**Data excerpt**
__________________________________________________

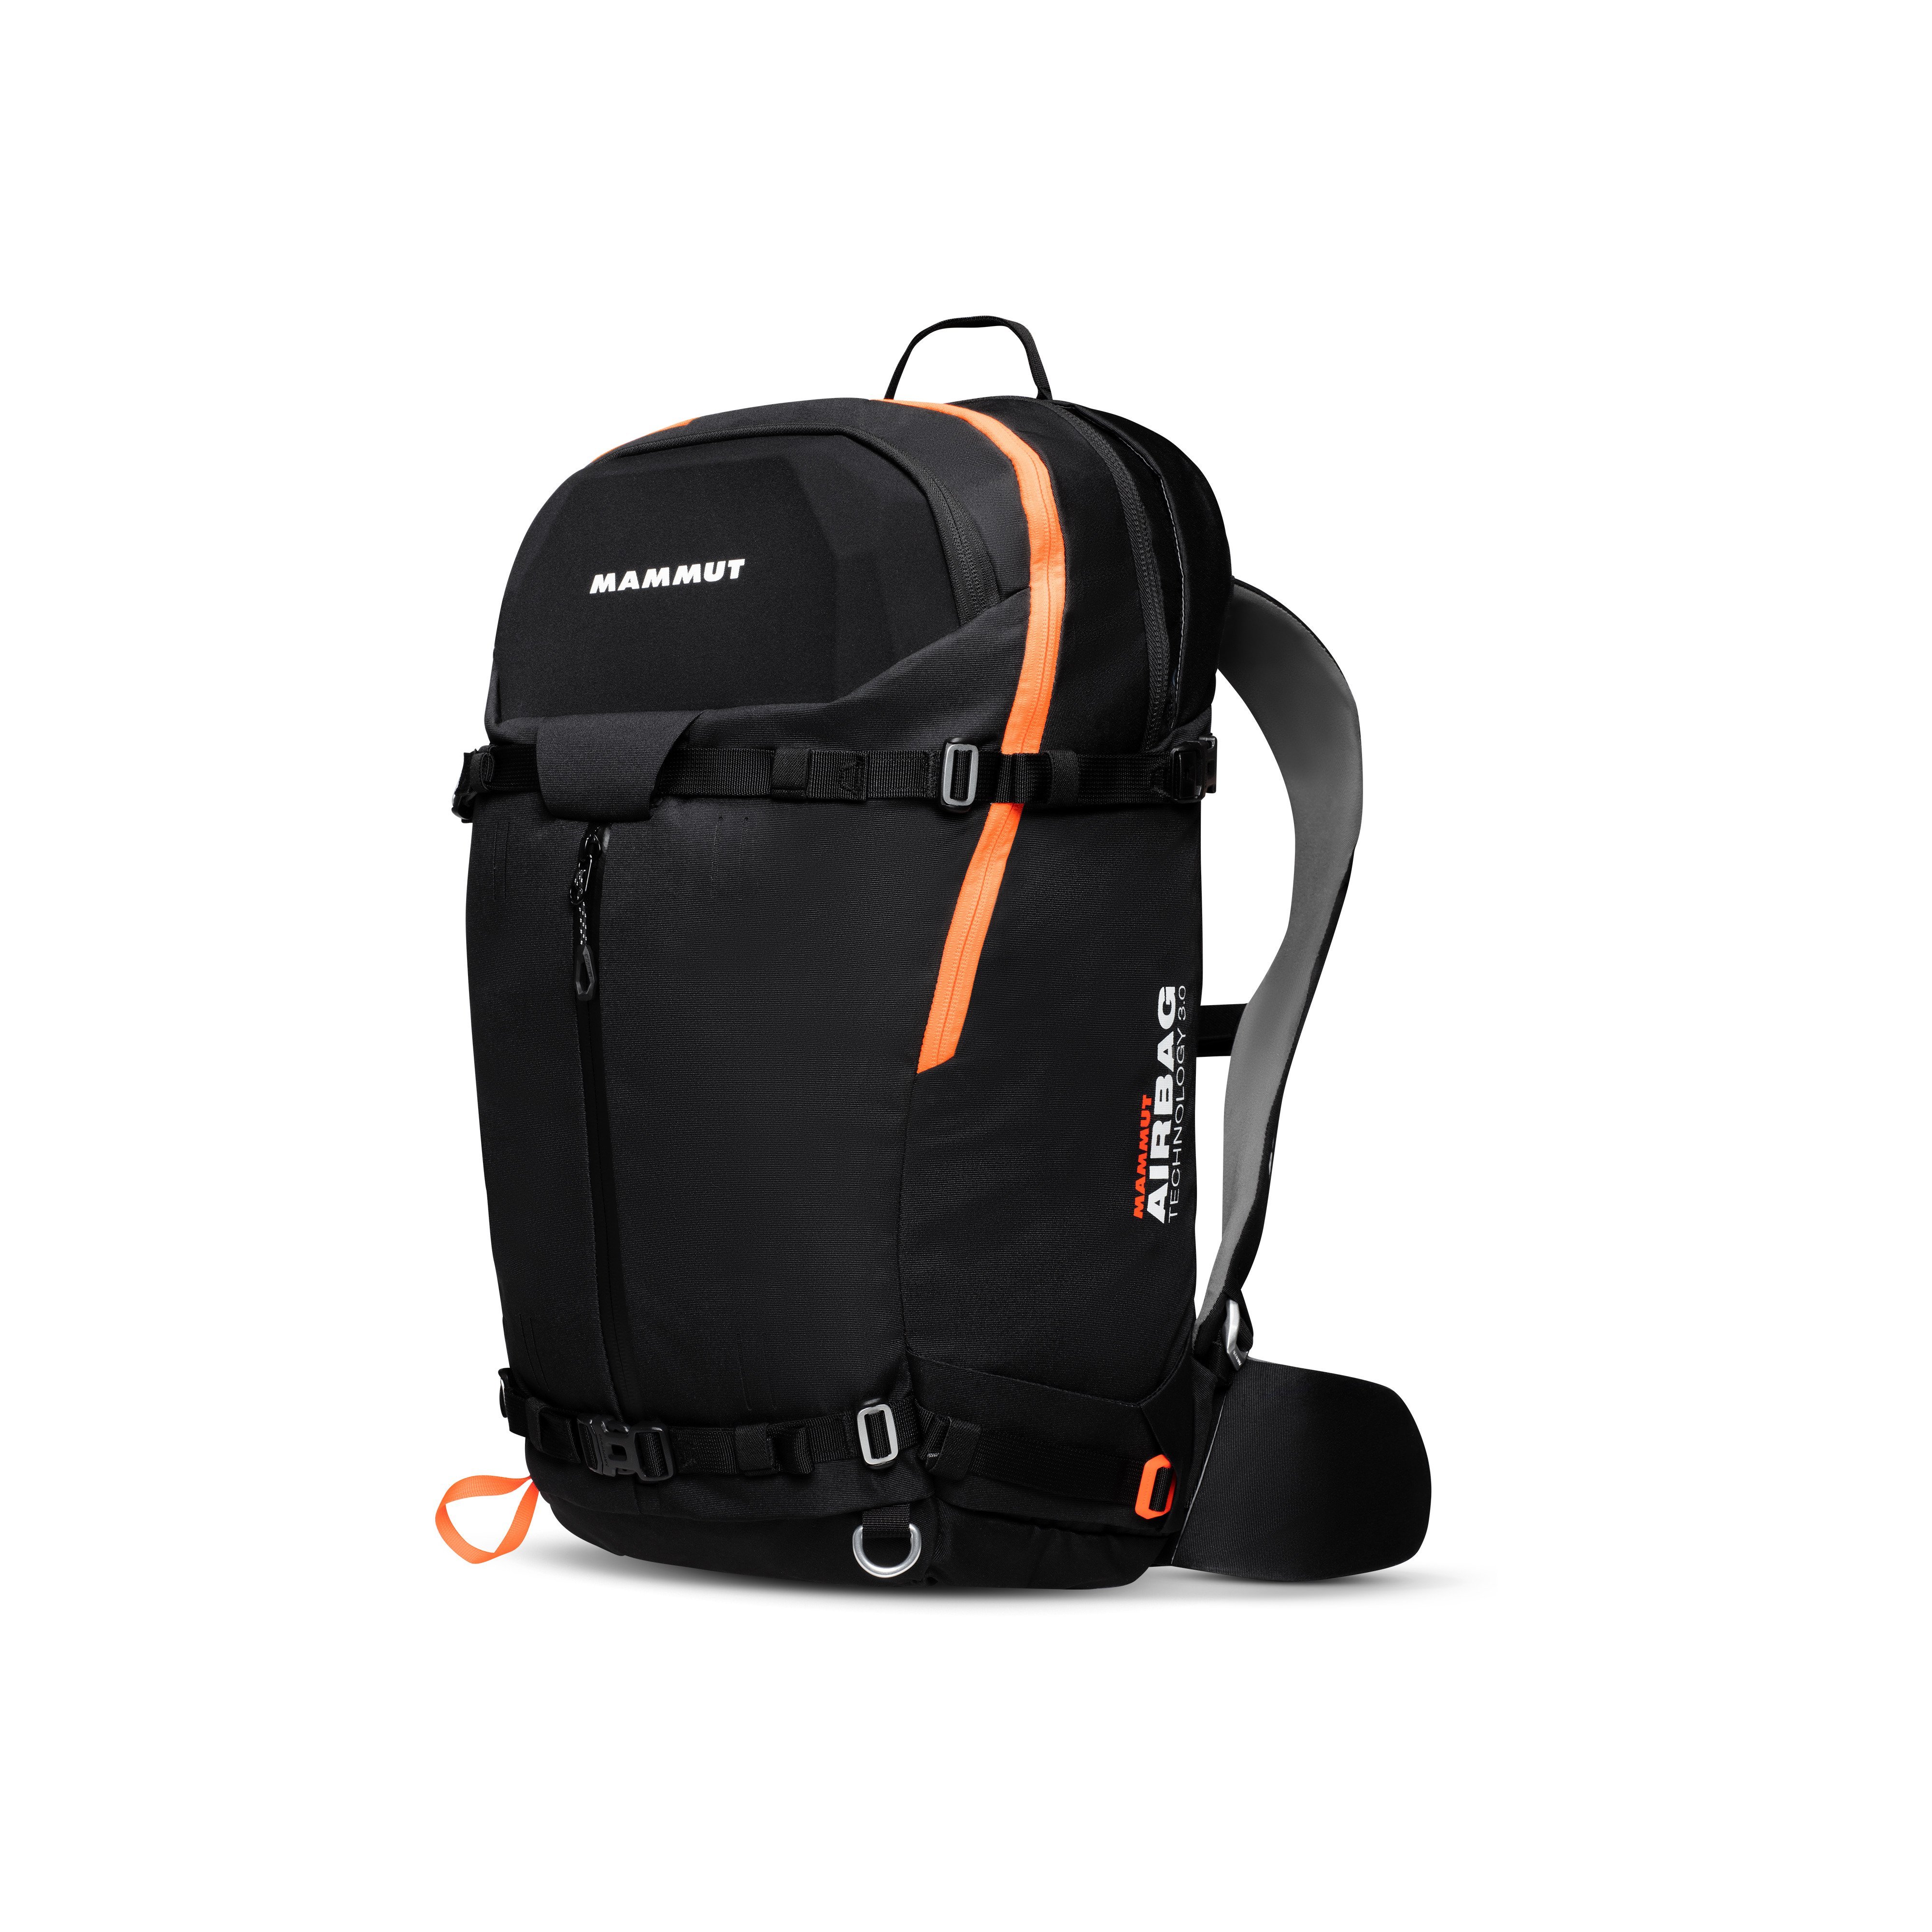 Pro X Removable Airbag 3.0 ready - black-vibrant orange, 35 L product image
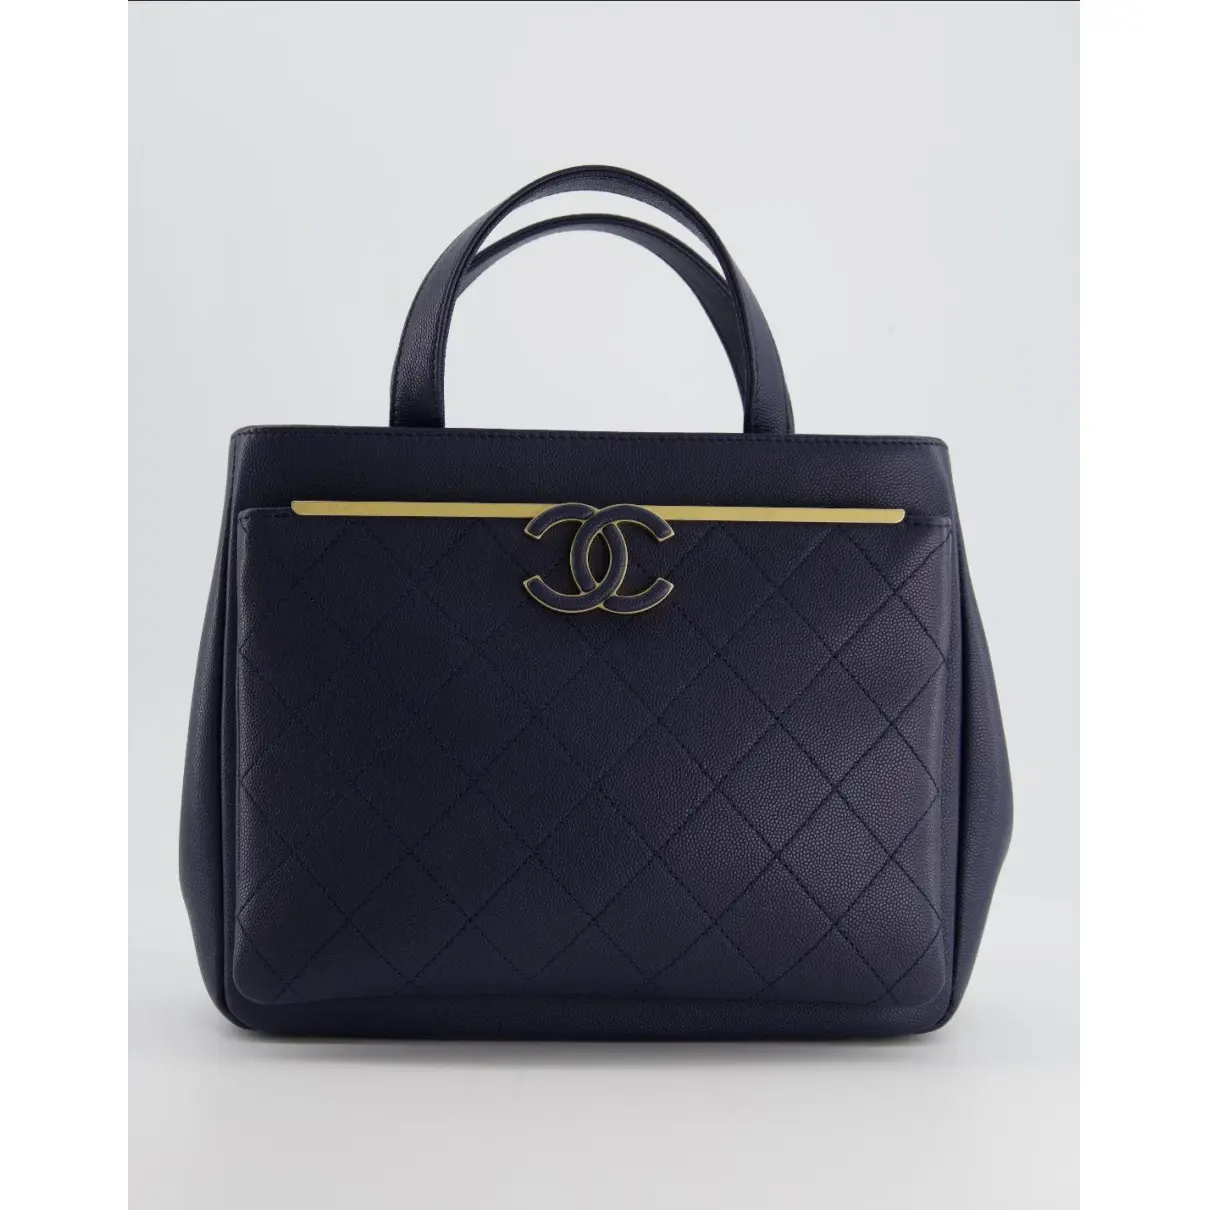 Buy Chanel Business Affinity leather handbag online
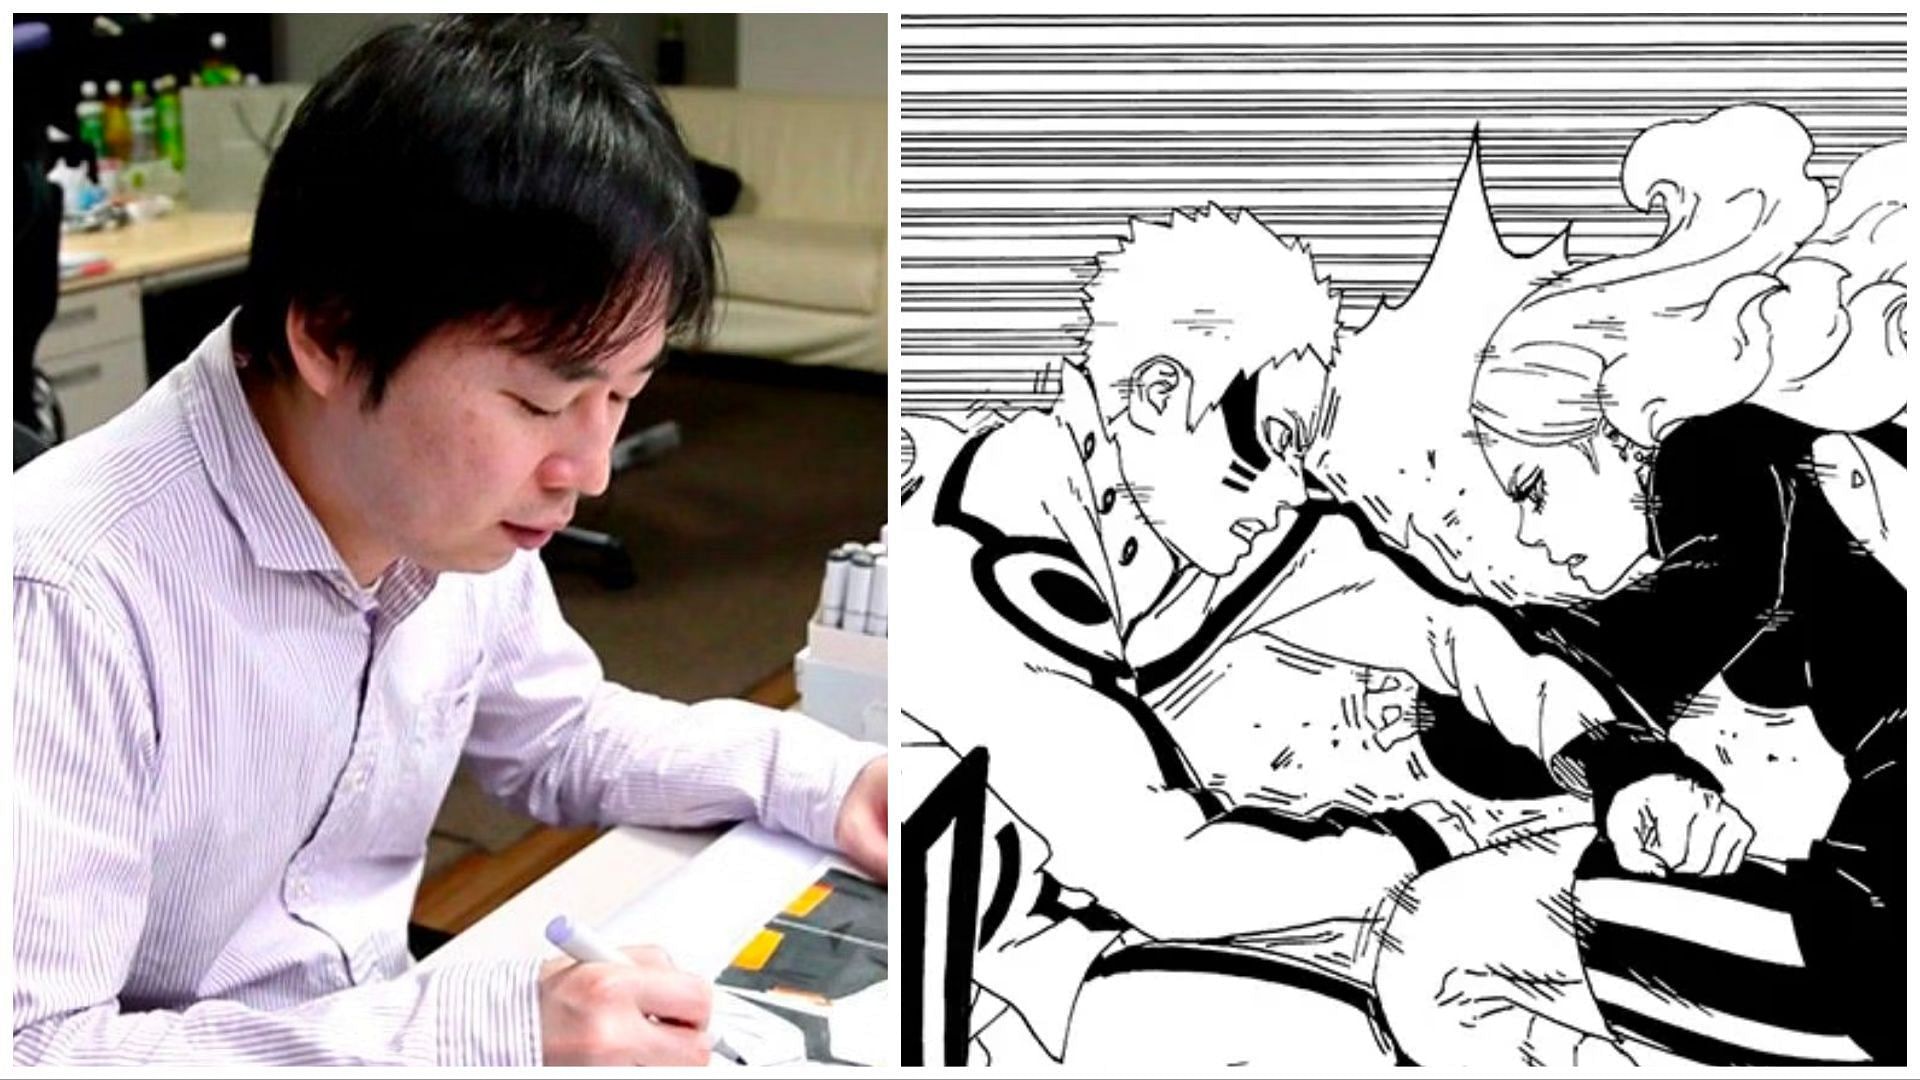 Fans hope Kishimoto can fix the Boruto manga (Image via Studio Pierrot, Shueisha)

__________________________________________________

**Instructions to follow**
Word for word and without pictures, restate only the lines running from the one that contains "Buy Chanel Business" through the last line of the listing above.

**Answer**
 Buy Chanel Business Affinity leather handbag online
 Fans hope Kishimoto can fix the Boruto manga (Image via Studio Pierrot, Shueisha)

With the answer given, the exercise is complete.